Over the last four years, Spitzer has used his position to re-fashion several of the country's financial industries in accordance with his own altruist and egalitarian ethical convictions. In doing so, he has won near-universal applause from the national press. Now, Spitzer is running for the governorship of New York and he has opened up a huge lead in the polls. As a result, more than a few commentators are already speaking of him as a future president. To understand just how frightening that prospect is, don't miss Roger Donway's analysis of the philosophy that drives our country's most dangerous politician: "Eliot Spitzer: Ayatollah General."

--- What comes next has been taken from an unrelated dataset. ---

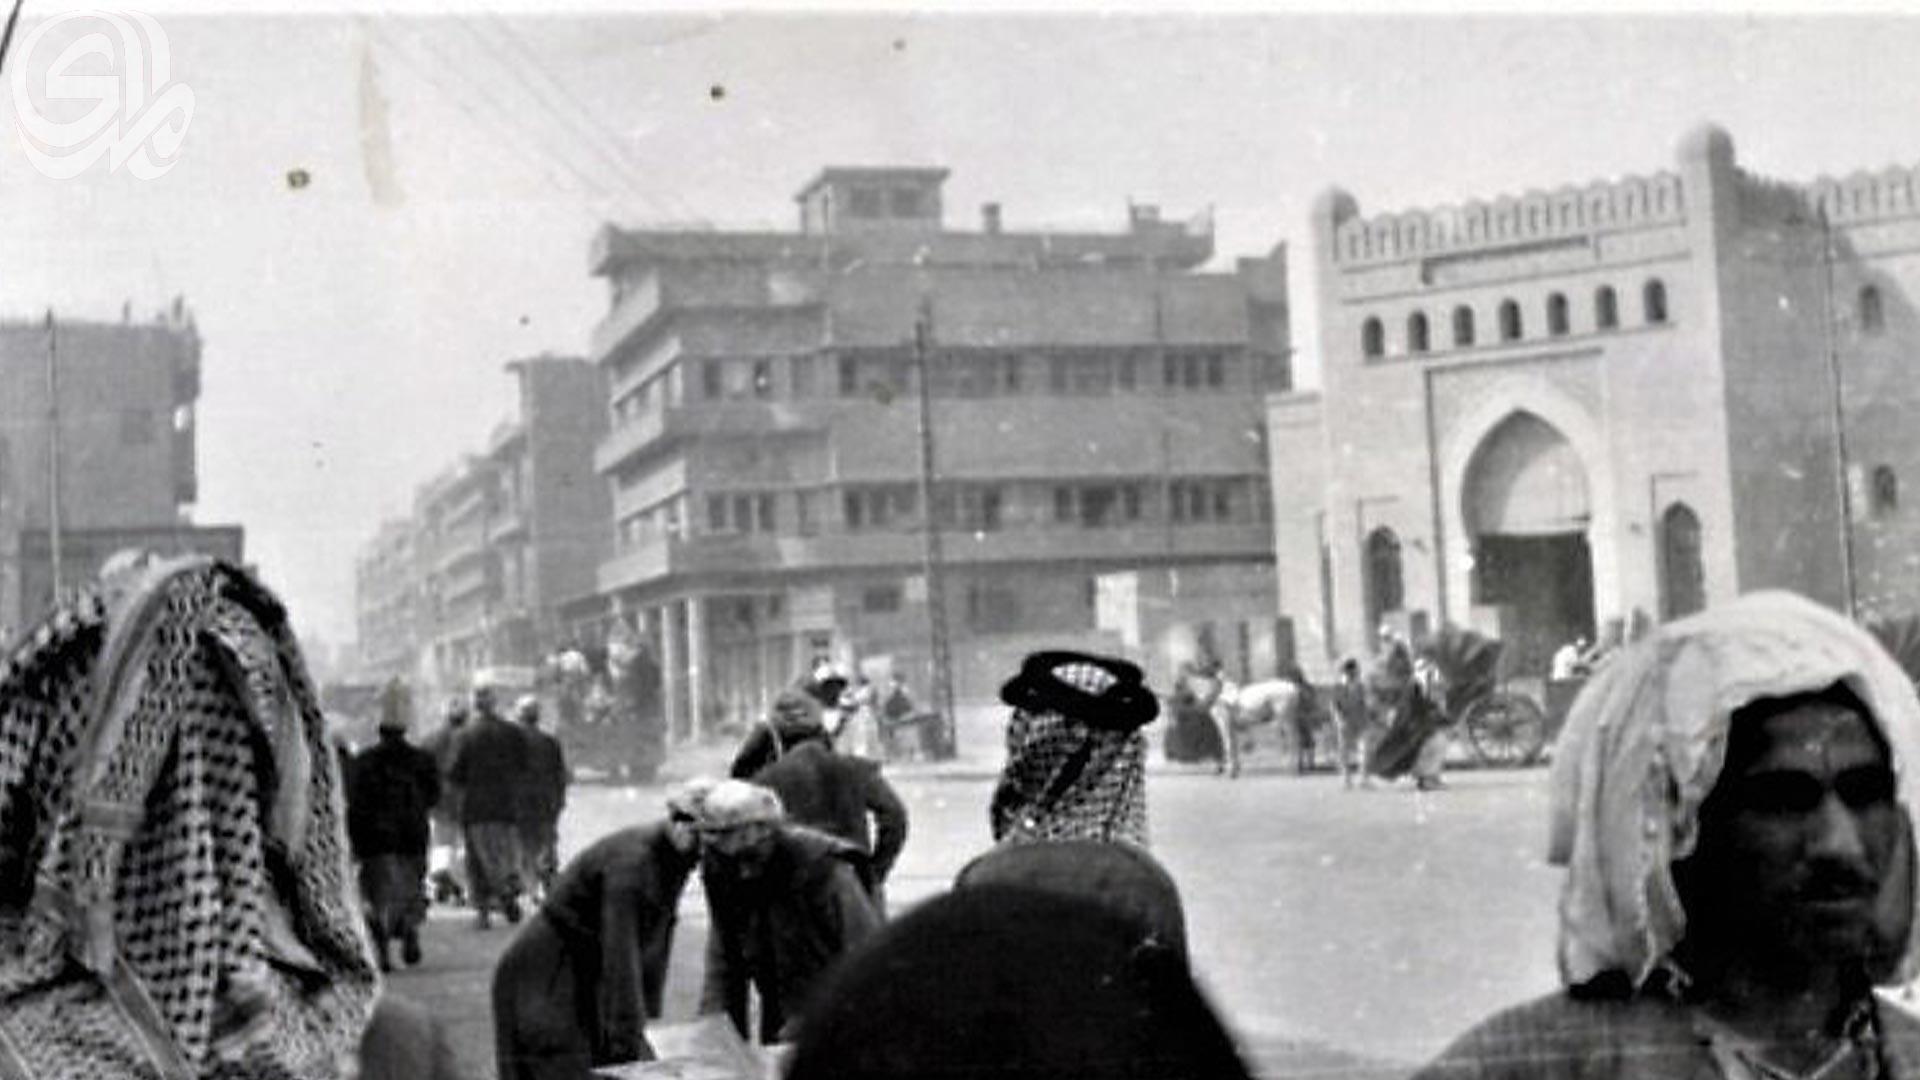 جولة في أزقة الكرخ في الجيل الماضي.. باعة يهود في سوق (الشيخ صندل)

Another serious threat to the liberty of Americans is also religious in nature, for it comes from that neo-pagan religion we call environmentalism, as adopted and promoted by the United Nations. In an article that I co-authored with Michael Shaw, founding participant in Freedom 21 Santa Cruz, a pro-liberty and property rights organization, we show how Agenda 21, a product of the U.N.'s 1992 Rio Summit, has facilitated the establishment of councils in every country and state under terms like "sustainable development" for the express purpose of limiting the use of private property in the name of their ideologies and political agendas. These councils are similar to the soviets that were the basis of the former union by that name and are not only undermining individual liberty but the democratic and constitutional checks on government.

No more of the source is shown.